Python 3.12+ requires a virtual environment due to PEP 668. This is the recommended approach for all Python versions:

git clone https://github.com/stardothosting/shift8-waybackpress.git
cd shift8-waybackpress

# Create virtual environment
python3 -m venv venv

# Activate virtual environment
source venv/bin/activate  # On Linux/macOS
# OR
venv\Scripts\activate     # On Windows

# Install package
pip install -e .

# Verify installation
waybackpress --version

When you're done using the tool:

deactivate

For future use, always activate the virtual environment first:

cd shift8-waybackpress
source venv/bin/activate
waybackpress run example.com

Alternative: System-Wide Installation (Python 3.11 and older)
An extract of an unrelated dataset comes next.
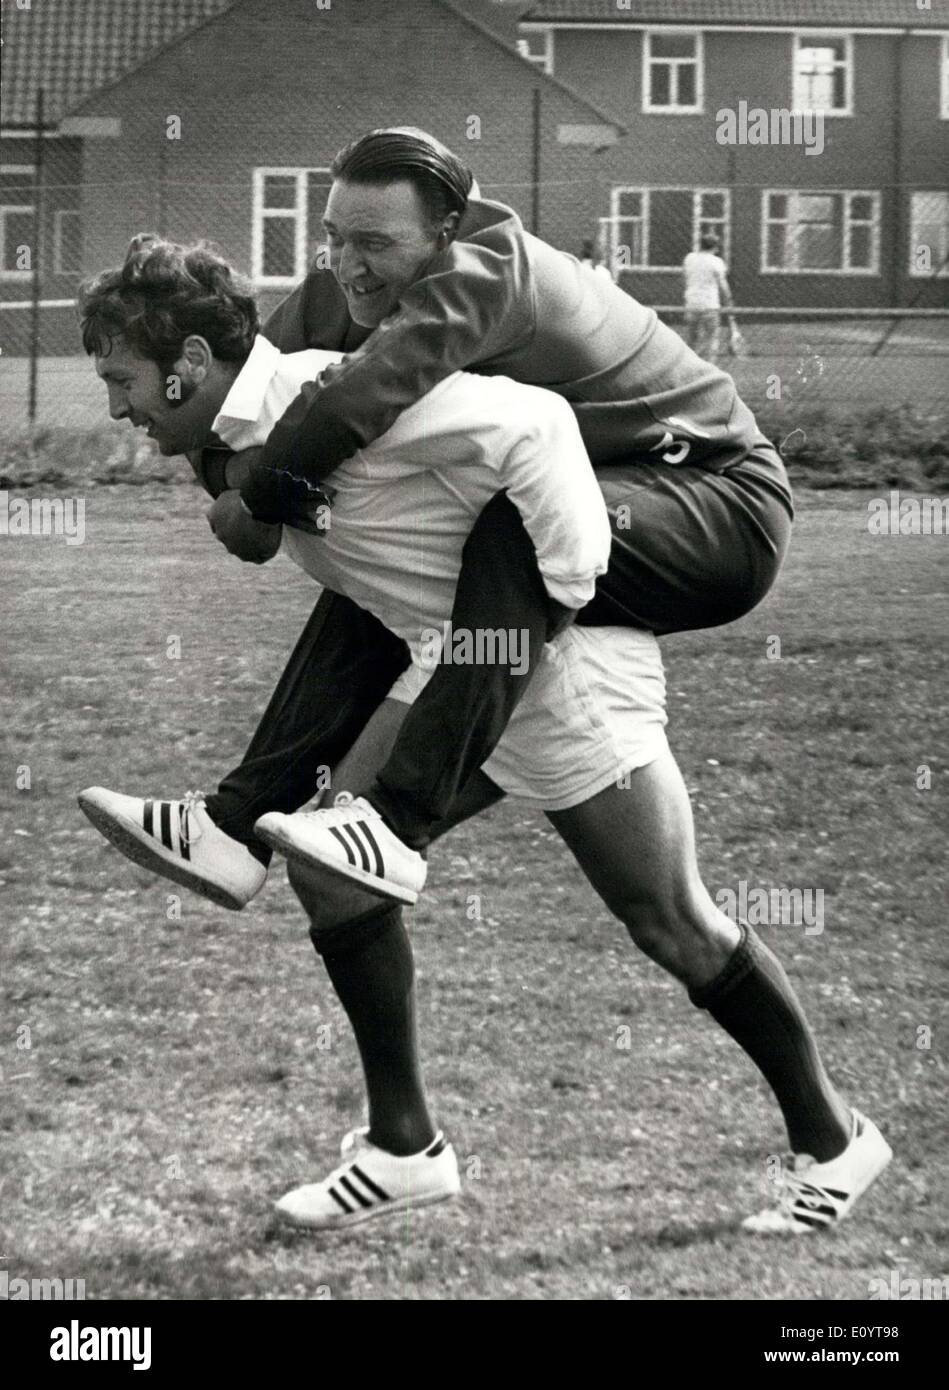 Mai 06, 1971 - L'équipe de rugby des Lions britanniques pour la tournée en Australie et en Nouvelle-Zélande : l'équipe de rugby des Lions Britanniques, qui partent demain pour leur tournée de l'Australie et la Nouvelle-Zélande, sont la formation hier à Eastbourne. Photo montre la longe est le capitaine John Dawes, Dr D. Smith, hier au cours des séance de formation à Eastbourne. Banque D'Images
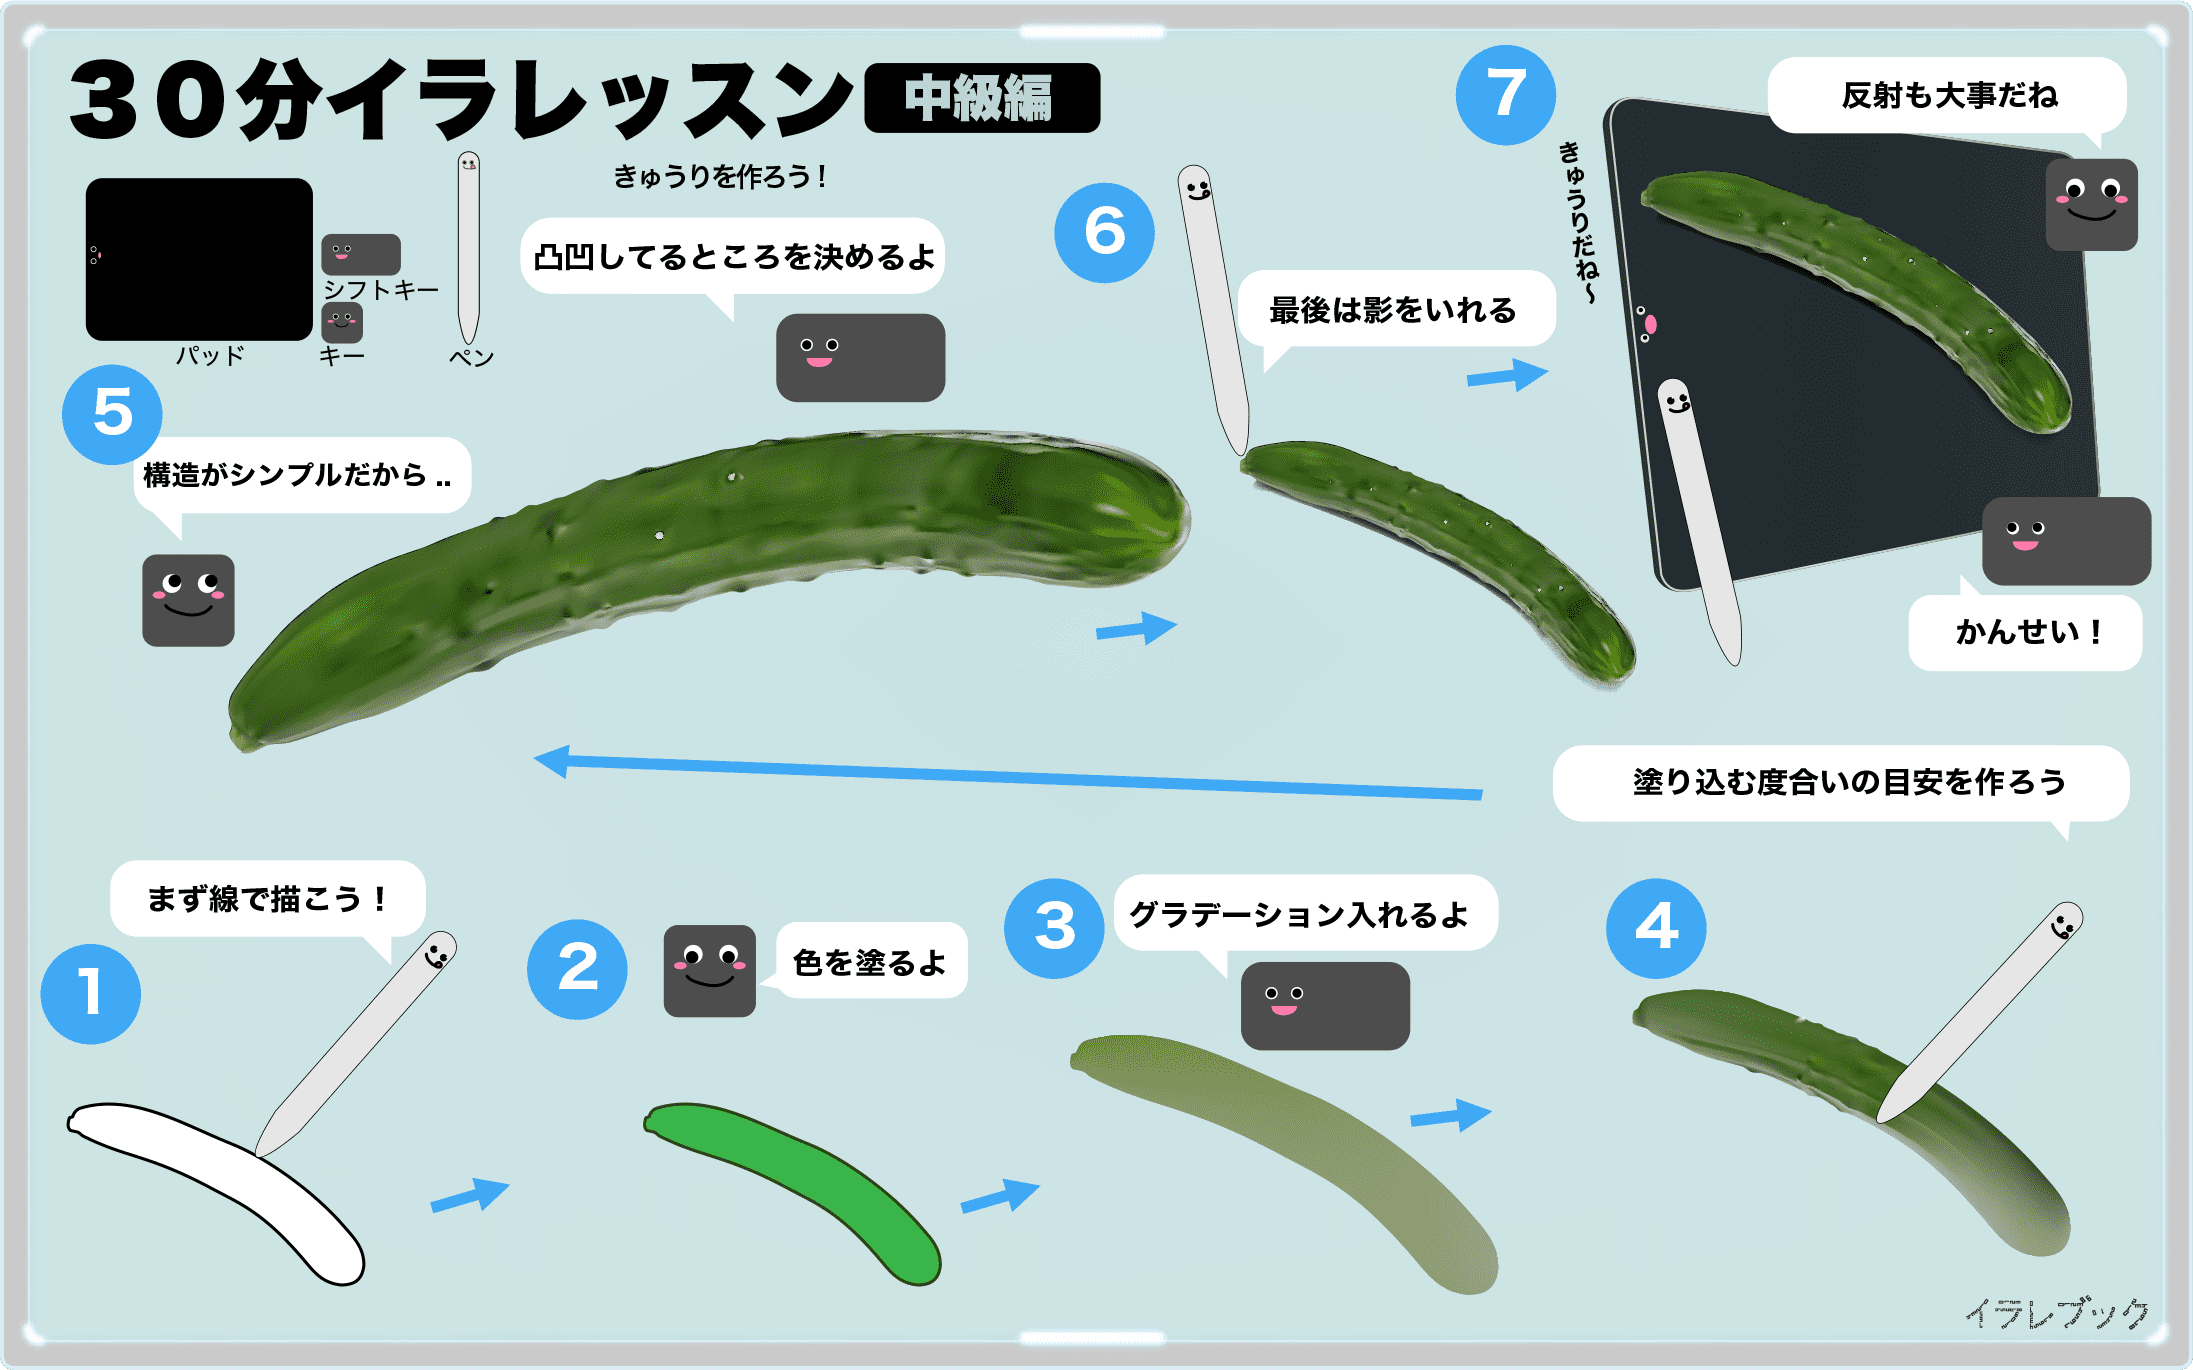 きゅうり むくみ解消 脂肪を分解 キレイになれるおススメの食べ方は Cucumber

pip install -r requirements.txt
pip install -e .

Note: This method will fail on Python 3.12+ with an "externally-managed-environment" error.

Requirements

Python 3.8 or higher
Dependencies: beautifulsoup4, lxml, aiohttp, python-dateutil, trafilatura

Quick Start

The simplest way to recover a site:

waybackpress run example.com

To limit recovery to a specific date range (e.g., October 2018 to October 2025):

waybackpress run example.com --from 20181001 --to 20251031

This will run the complete pipeline: discover URLs, validate posts, fetch media, and generate a WordPress import file.

Usage

WaybackPress works in stages, allowing you to control each step of the recovery process.

Stage 1: Discover URLs

Query the Wayback Machine to find all archived URLs for your domain:

waybackpress discover example.com

Single URL Extraction: Extract just one specific post instead of the entire site:

waybackpress discover example.com --url https://example.com/2020/01/post-title/

Date Range Filtering: Limit discovery to specific date range:

waybackpress discover example.com --from 20181001 --to 20251031

This queries only snapshots between October 1, 2018 and October 31, 2025. Useful for:

Recovering content from specific time periods
Avoiding very old or very recent snapshots
Reducing processing time for large sites

Options:

--url URL: Extract a single specific URL instead of entire site
--from DATE: Start date (YYYYMMDD or YYYYMMDDHHMMSS format)
--to DATE: End date (YYYYMMDD or YYYYMMDDHHMMSS format)
--output DIR: Specify output directory (default: wayback-data/example.com)
--delay SECONDS: Delay between requests (default: 5)
--concurrency N: Concurrent requests (default: 2)

Stage 2: Validate Posts

Download and validate discovered URLs to identify actual blog posts:

waybackpress validate --output wayback-data/example.com

This stage:

Downloads HTML for each URL
Extracts metadata (title, date, author, categories, tags)
Identifies valid posts using content heuristics
Filters out archives, category pages, and duplicates
Generates a detailed validation report

Stage 3: Fetch Media

Download images, CSS, and JavaScript referenced in posts:

waybackpress fetch-media --output wayback-data/example.com

Options:

--pass N: Pass number for multi-pass fetching (default: 1)

The media fetcher:

Parses HTML to extract all media URLs
Queries CDX API for available snapshots
Attempts multiple snapshots if initial fetch fails
Tracks successes and failures for additional passes
Saves progress incrementally

Multi-Pass Media Fetching

If the first pass has a low success rate, run additional passes:

waybackpress fetch-media --output wayback-data/example.com --pass 2

Each pass attempts different snapshots, increasing the likelihood of recovery.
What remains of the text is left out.